К тому времени вражда между Элианом и Фернандес с Маэ, как и принципы республики, была мне совершенно понятна. Антипатия учителей к Элиану — надо заметить, весьма смышлёному ученику, если судить по тестам — удивляла меня, скорее, из-за моей психической инертности. Всё это присутствовало на фоне, как потрескивание люминесцентной лампы или шум кулера в ноутбуке — привычно и буднично, а в преддверии каникул и вовсе малозначительно.
Но я думал о нашей с Элианом прогулке.
Его образ, дополнивший образ Королевского города, каждого закоулка в нём, врезался мне в память статичным, отчётливым кадром — при этом был как сон. Мы оба вернулись в школьную реальность как ни в чём не бывало и не трудились толком поговорить о произошедшем. Так обычно скрывают, забывают те сны, в которых знакомые люди предстают в незнакомом обличье, слишком интимном, чтобы обсуждать это за обедом.

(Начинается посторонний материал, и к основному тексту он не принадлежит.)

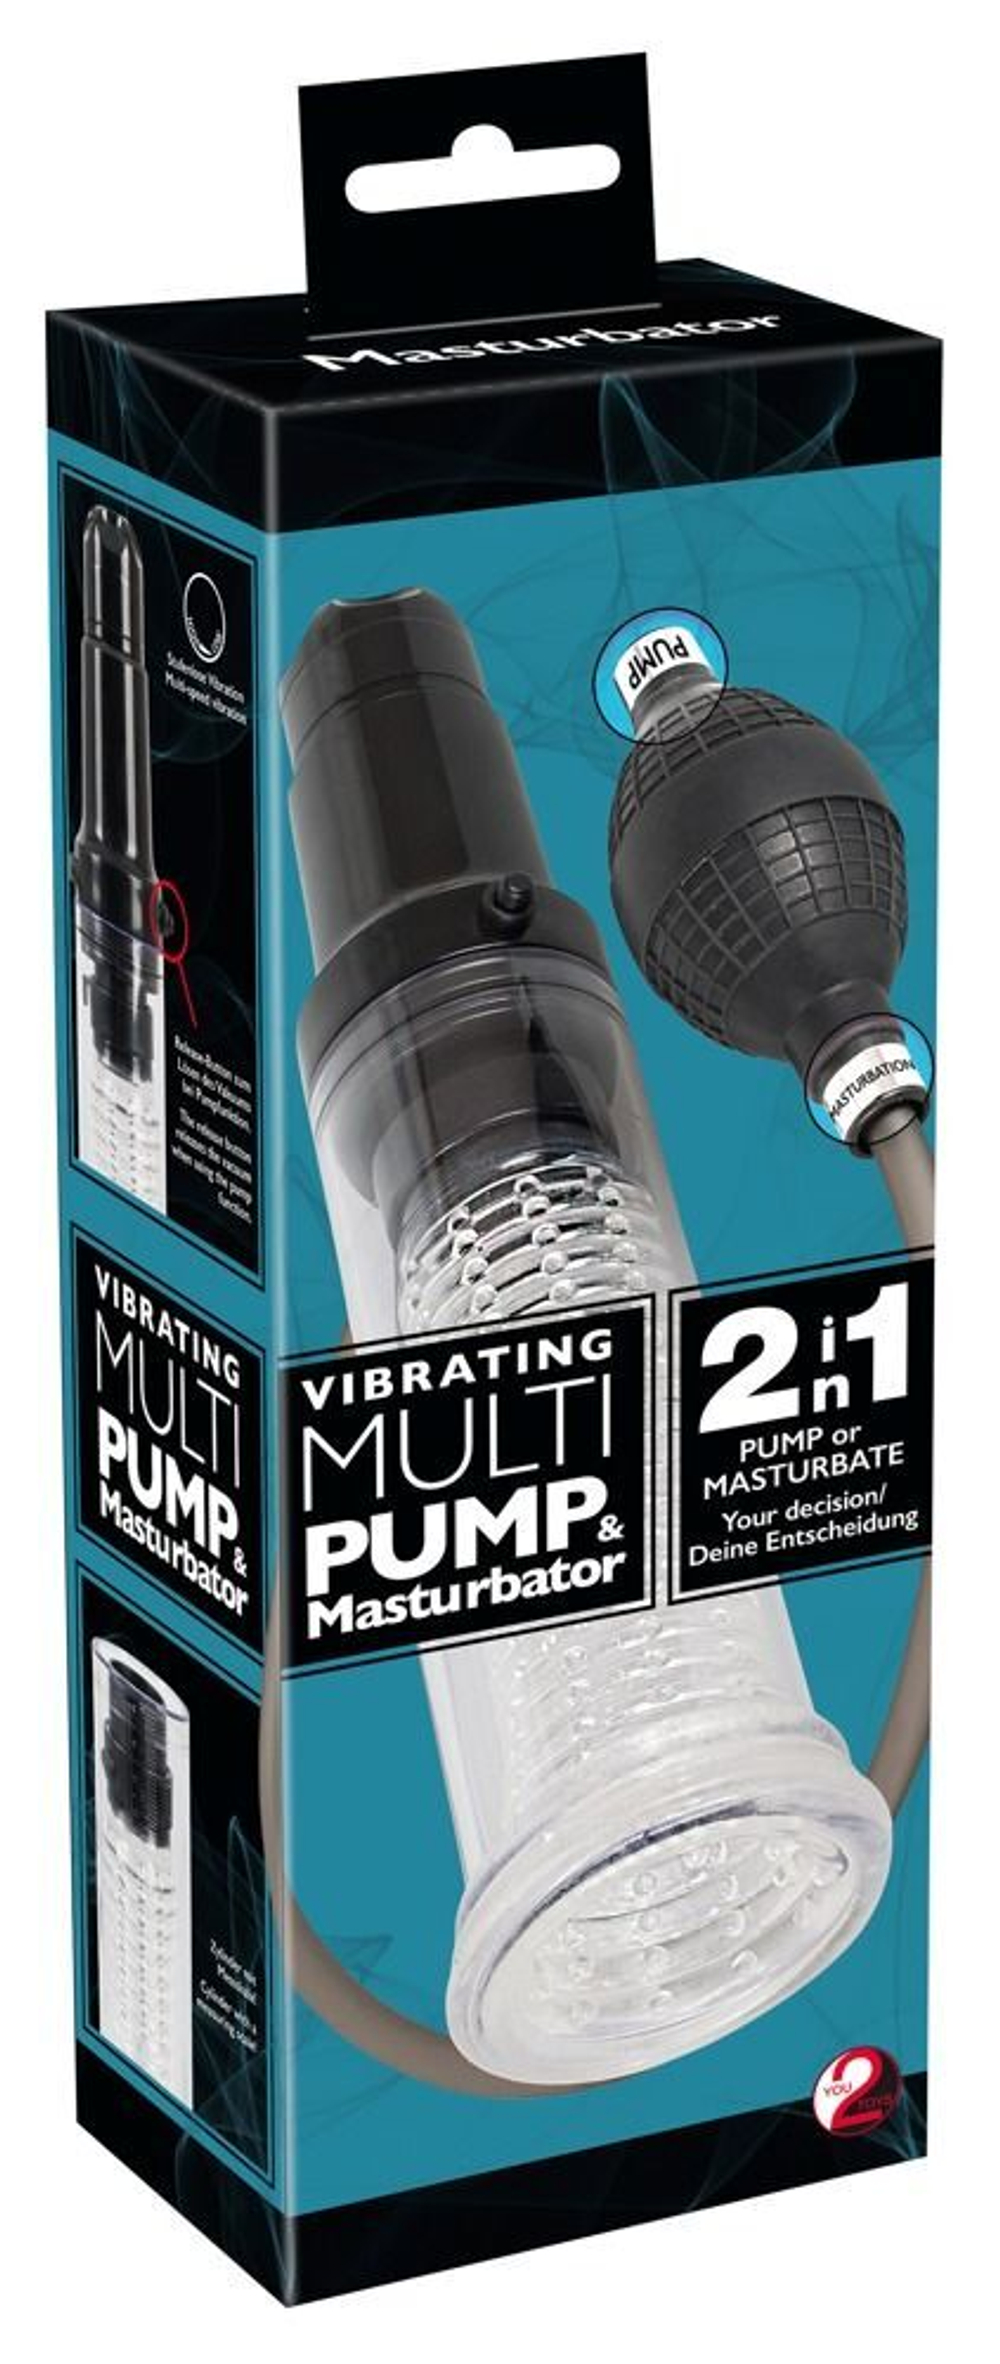 Вакуумная помпа-мастурбатор Vibrating Multi Pump & Masturbator
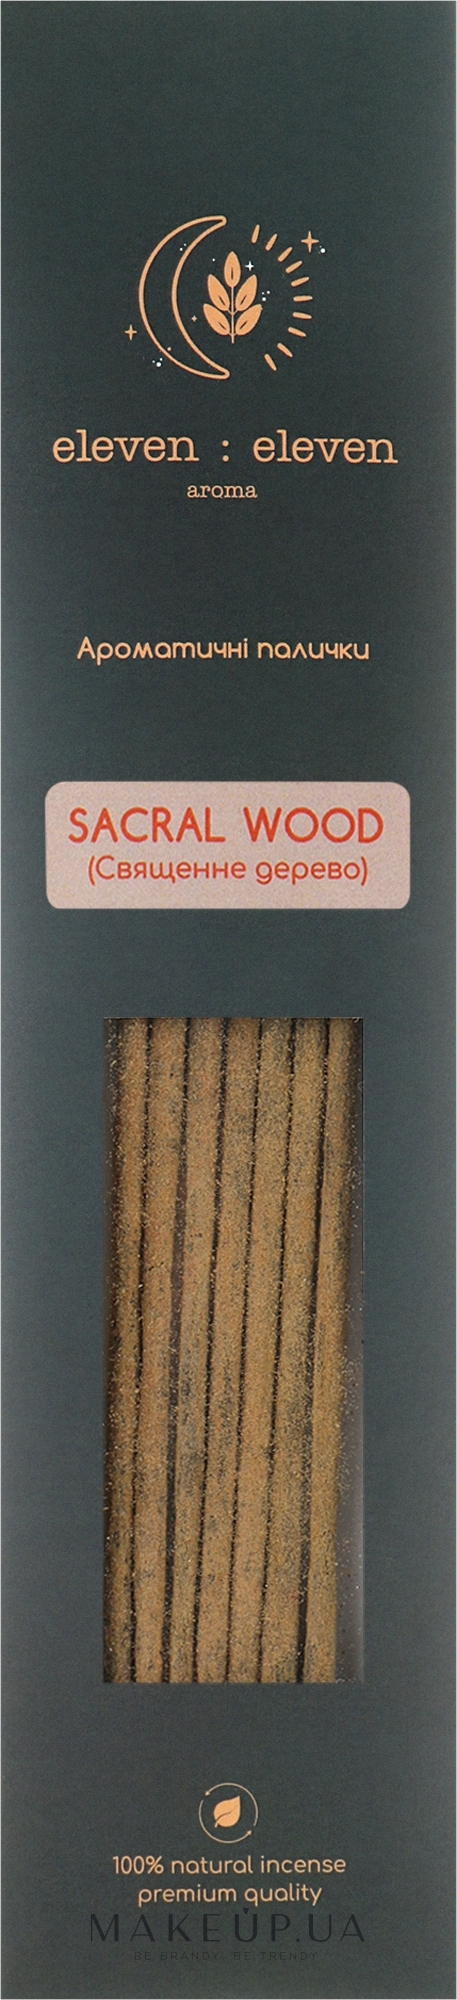 Аромапалочки "Священное дерево" - Eleven Eleven Aroma Sacral Wood Aroma Sticks — фото 10шт

И всё же, если это было сном, он, должно быть, приснился нам двоим.
Я, несомненно, полюбил Элиана. Но, пожалуй, я впервые выразился о подобном вслух.
Ни тёте Мартине, ни Анри, ни даже Кармелине — никому из тех, кого я в определённом смысле любил и люблю, я не выражал свои чувства вот так: с надрывом, будто эти фразы, эту любовь вырывают из меня. Я вообще не знал прежде, как о таком говорить — не знал зачем.
Но с Элианом тех или иных смыслов — и уж тем более определённых — не существует. Счастье одного человека может затмить все несчастья мира в моих глазах. Есть в этом для меня, священника, нечто неправильное, но бесконечно истинное.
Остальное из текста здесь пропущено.